Melihat contoh kasus nyata semacam ini, tidak heran kalau Harrison menyimpulkan “Kaum perempuan adalah yang termiskin dari yang paling miskin. Mereka ditindas oleh ketidakadilan nasional dan internasional, dan sistem keluarga yang memberikan akses pada suami, ayah dan saudara laki-laki untuk mencambuki mereka. Perkembangan ekonomi lebih menguntungkan lelaki miskin, tetapi tidak untuk. kaum perempuan. Karena ketidakadilan dan eksploitasi terjadi baik di dalam keluarga sendiri maupun di antara keluarga-keluarga. Kaum lelakilah yang menikmati privilese yang lebih besar, sementara kaum perempuan yang harus memikul beban yang lebih banyak. Ringkasnya: ada ketidakadilan dalam distribusi kekuasaan, sumber daya dan tanggungjawab antara lelaki dan perempuan. Ketidakadilan ini lalu dilegitimasi oleh tradisi warisan nenek-moyang, disosialisasikan dan akhirnya membentuk sikap perempuan yang pasif, yang acapkali lalu dibakukan dalam hukum, dan kalau perlu dipaksakan oleh lelaki dengan tindak kekerasan. [5]
Persoalannya sekarang adalah bagaimana mengukur problem kemiskinan dari kacamata feminis? Pada umumnya disepakati bahwa pendekatan feminis terhadap problem kemiskinan berfokus pada implikasi jender dan harga sosial dari kemiskinan itu sendiri, yang meliputi semakin meningkatnya jumlah perempuan dan anak-anak yang terlibat atau “nyemplung” dalam ekonomi sektor informal; perbedaan perlakuan terhadap anak laki-laki dan perempuan dalam rumah tangga; tekanan sosial masyarakat agar anak gadis cepat-cepat menikah dan bersuami di balik asumsi tak berdasar “yang penting cepat laku dan tidak jadi perawan tua”; tingginya tingkat drop-out (keluar dari sekolah sebelum waktunya) bagi anak perempuan; kurangnya pemahaman yang tepat dan kontrol soal kesuburan perempuan; dan pilihan ‘tak bebas’ untuk masuk ke dunia prostitusi. Secara khusus dan lebih terukur, seorang feminis dan aktivis dari Zambia, Sara Longwe [6], mengembangkan KPP atau Kerangka Pemberdayaan Perempuan (Longwe Framework for Gender Analysis) untuk menganalisa kemiskinan dari perspektif analisa jender, yang meliputi 5 hal yang saling terkait, yaitu [7]: (1) Kesejahteraan. Batasan untuk menganalisa aspek kesejahteraan, adalah mengenai suplai makanan, pendapatan dan perawatan kesehatan; (2) Akses. Batasan untuk menganalisa aspek akses, adalah mengenai akses yang sama ke lahan/tanah, pekerjaan, penghargaan, pelatihan, dan akses fasilitas lainnya. (3) Penyadaran / Kesadaran (Konsientisasi). Batasan untuk menganalisa aspek kesadaran, adalah mengenai pemahaman mayarakat tentang perbedaan sex dan gender, kepercayaan terhadap pembagian kerja secara seksual. (4) Partisipasi. Batasan untuk menganalisa aspek partisipasi, adalah mengenai partisipasi perempuan yang setara dalam proses pembuatan keputusan, pembuatan kebijakan, perencanaan hingga evaluasi. (5) Kontrol. Batasan untuk menganalisa aspek partisipasi, adalah mengenai persamaan kontrol, suatu keseimbangan kontrol antara laki-laki dan perempuan (tidak ada salah satu pihak yang lebih dominan dalam kontrol). [8]

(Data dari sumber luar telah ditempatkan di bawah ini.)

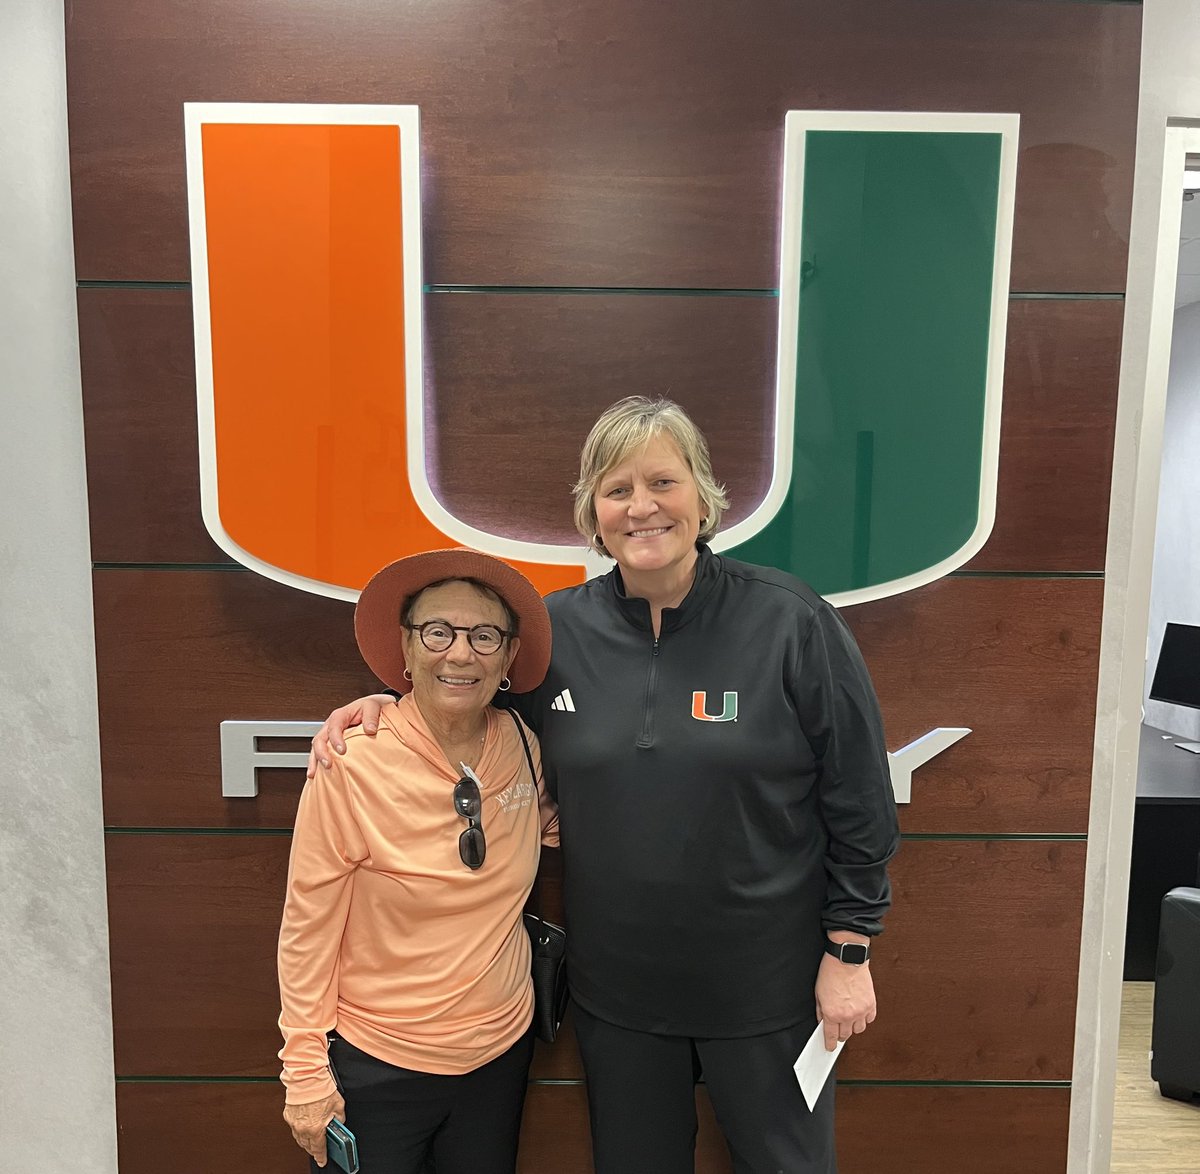 What an honor to visit with Ferne Labati today! #CaneLegend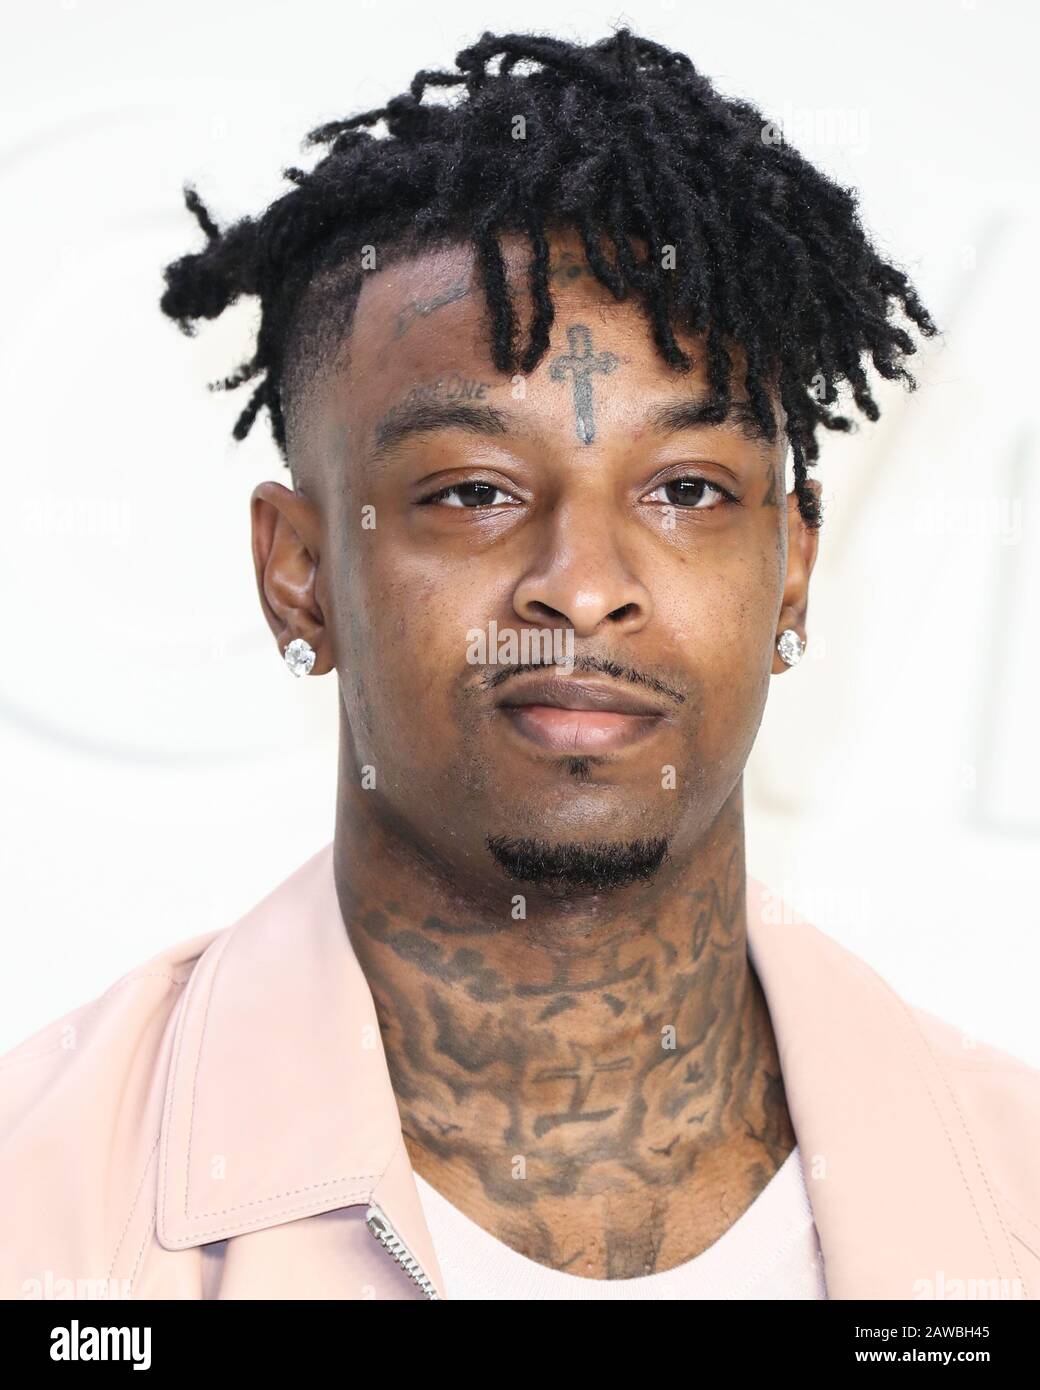 HOLLYWOOD, LOS ANGELES, CALIFORNIA, USA - FEBRUARY 07: 21 Savage arrives at  the Tom Ford: Autumn/Winter 2020 Fashion Show held at Milk Studios on  February 7, 2020 in Hollywood, Los Angeles, California

Dr. Sarah Bradshaw memberikan pandangan lain untuk menganalisa kemiskinan dari perspektif jender, dalam tulisannya “Poverty: An Analysis from the Gender Perspective.” [9] Ia memberikan 4 poin pokok sebab-sebab kemiskinan, yaitu:
(1) Pendapatan tidak mencukupi dan produktivitas minim.
(2) Faktor-faktor sosio-politis : Lemahnya kekuasaan untuk melakukan tawar-menawar dalam sistem pasar yang sekarang; lemahnya sistem politik; ketergantungan ekonomi (kepada laki-laki) yang terus dilestarikan secara budaya dan secara politis.
(3) Ketidaksetaraan : Pembatasan dan keterbatasan akses terhadap kebutuhan pokok hidup (tidak hanya sandang pangan dan papan, tapi juga pendidikan dan kesehatan)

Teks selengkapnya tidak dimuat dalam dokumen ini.